### Provided data:

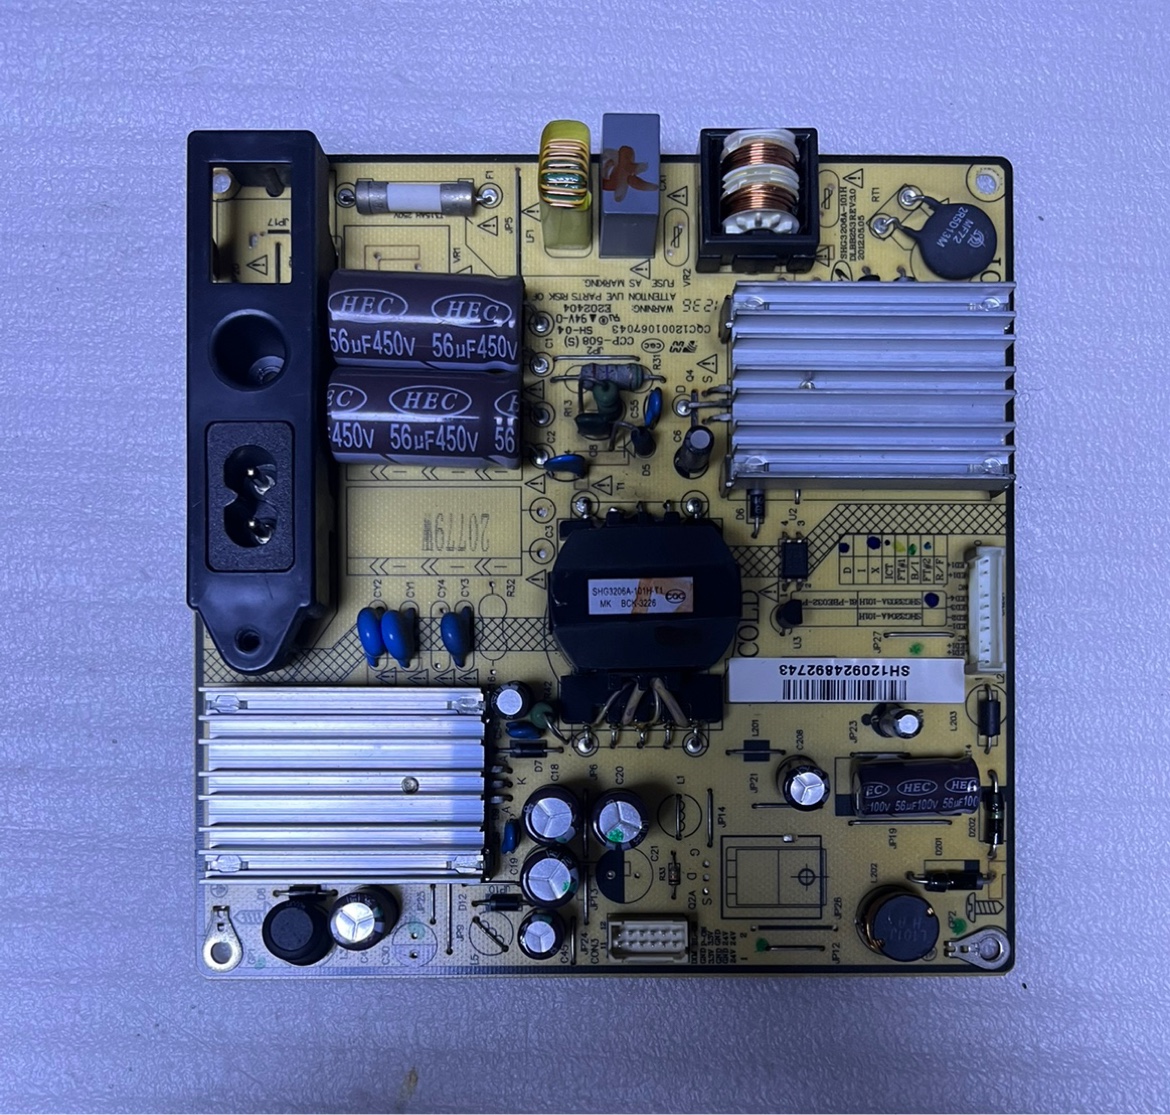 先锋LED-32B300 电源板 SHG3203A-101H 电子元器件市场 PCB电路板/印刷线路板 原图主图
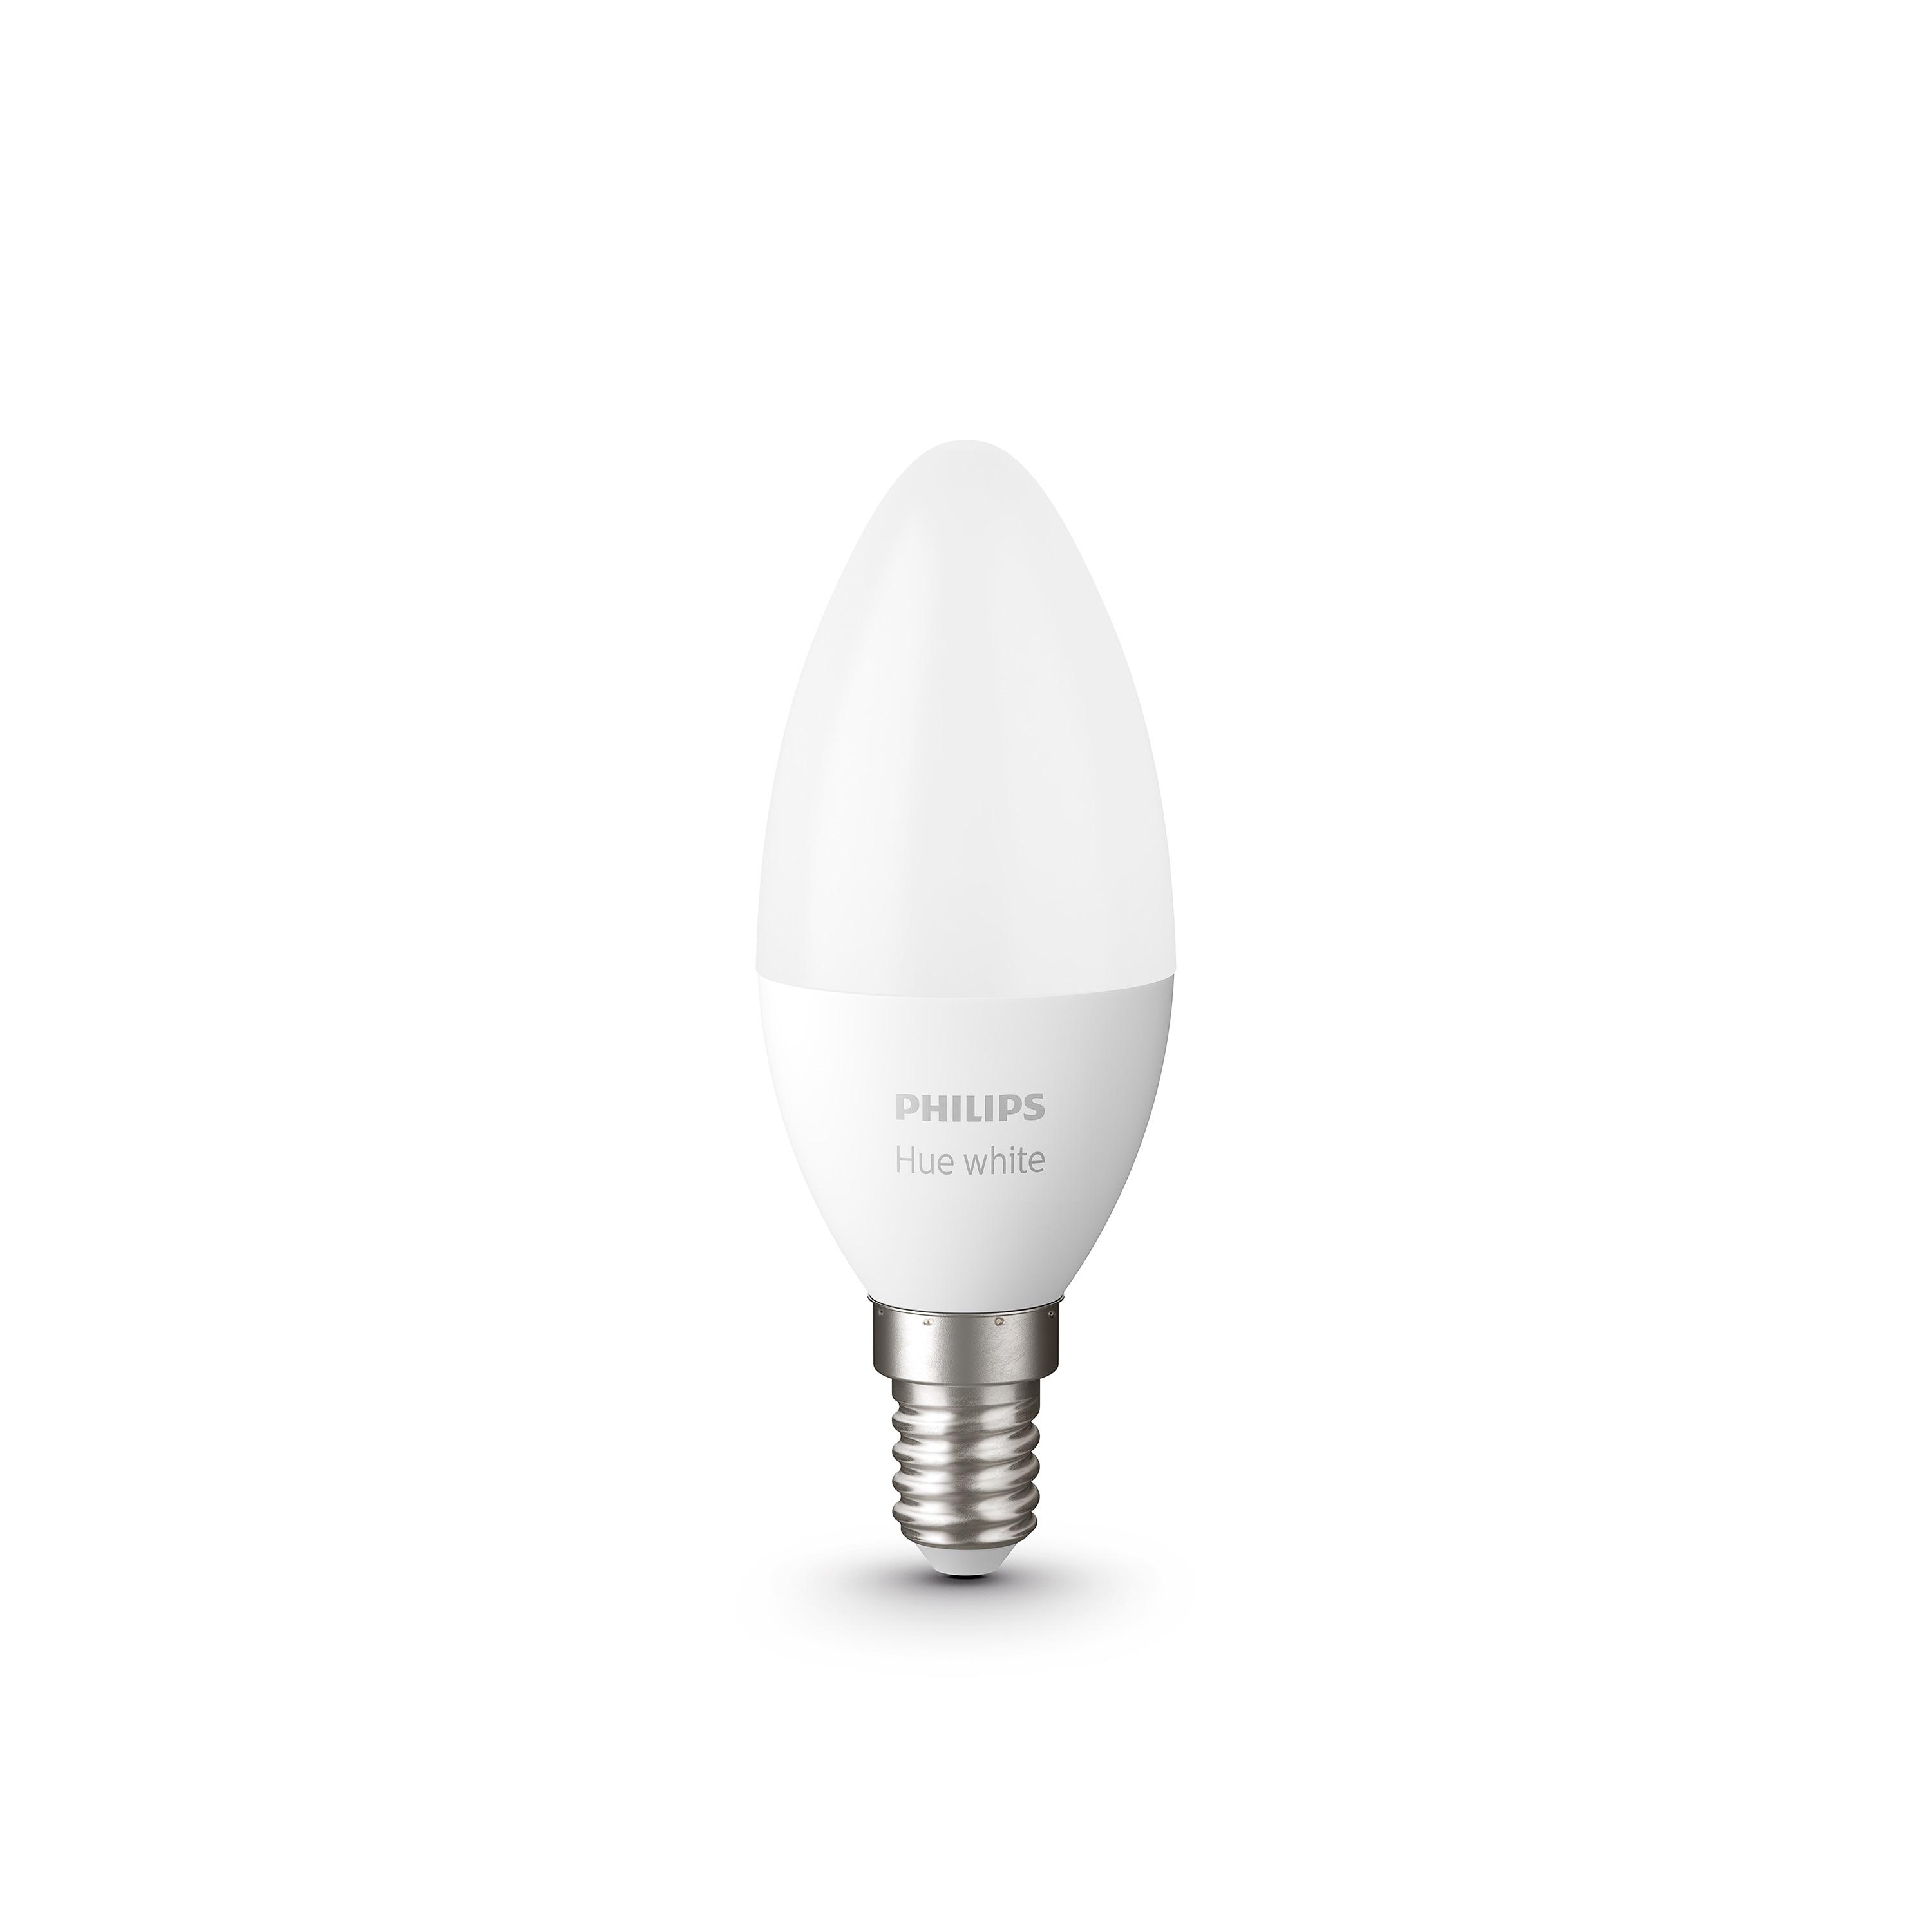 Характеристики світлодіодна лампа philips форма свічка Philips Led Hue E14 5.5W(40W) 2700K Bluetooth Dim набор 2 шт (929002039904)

==

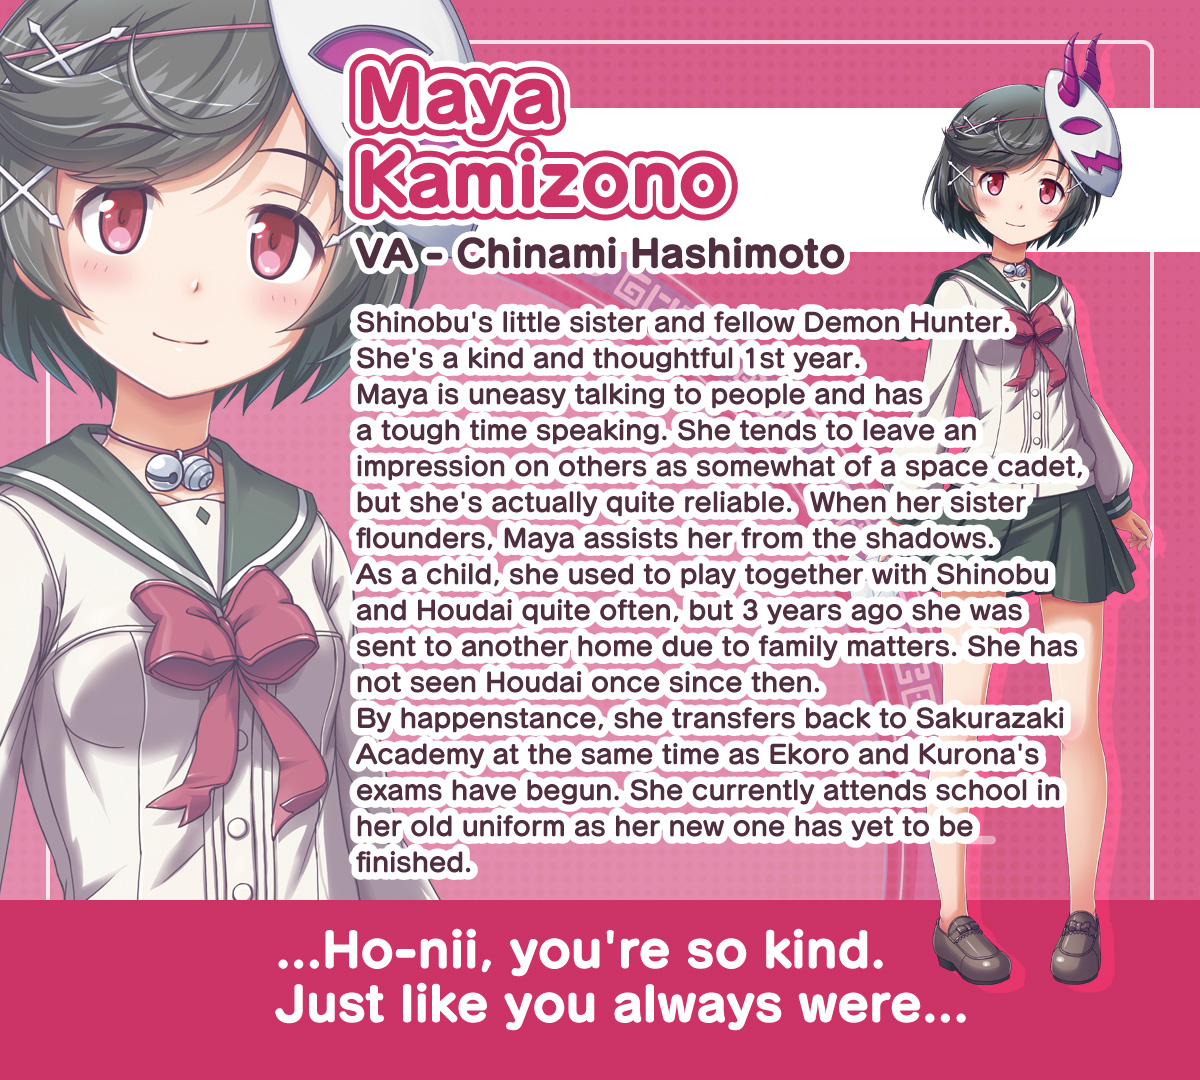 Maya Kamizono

### Work request:
Both the line containing "先锋LED-32B300 电源板 SHG3203A-101H" and the line containing "Характеристики світлодіодна лампа" above belong in the output, as do the lines between them. Print them exactly, without pictures.

### Exercise result:
 先锋LED-32B300 电源板 SHG3203A-101H 电子元器件市场 PCB电路板/印刷线路板 原图主图
 Характеристики світлодіодна лампа philips форма свічка Philips Led Hue E14 5.5W(40W) 2700K Bluetooth Dim набор 2 шт (929002039904)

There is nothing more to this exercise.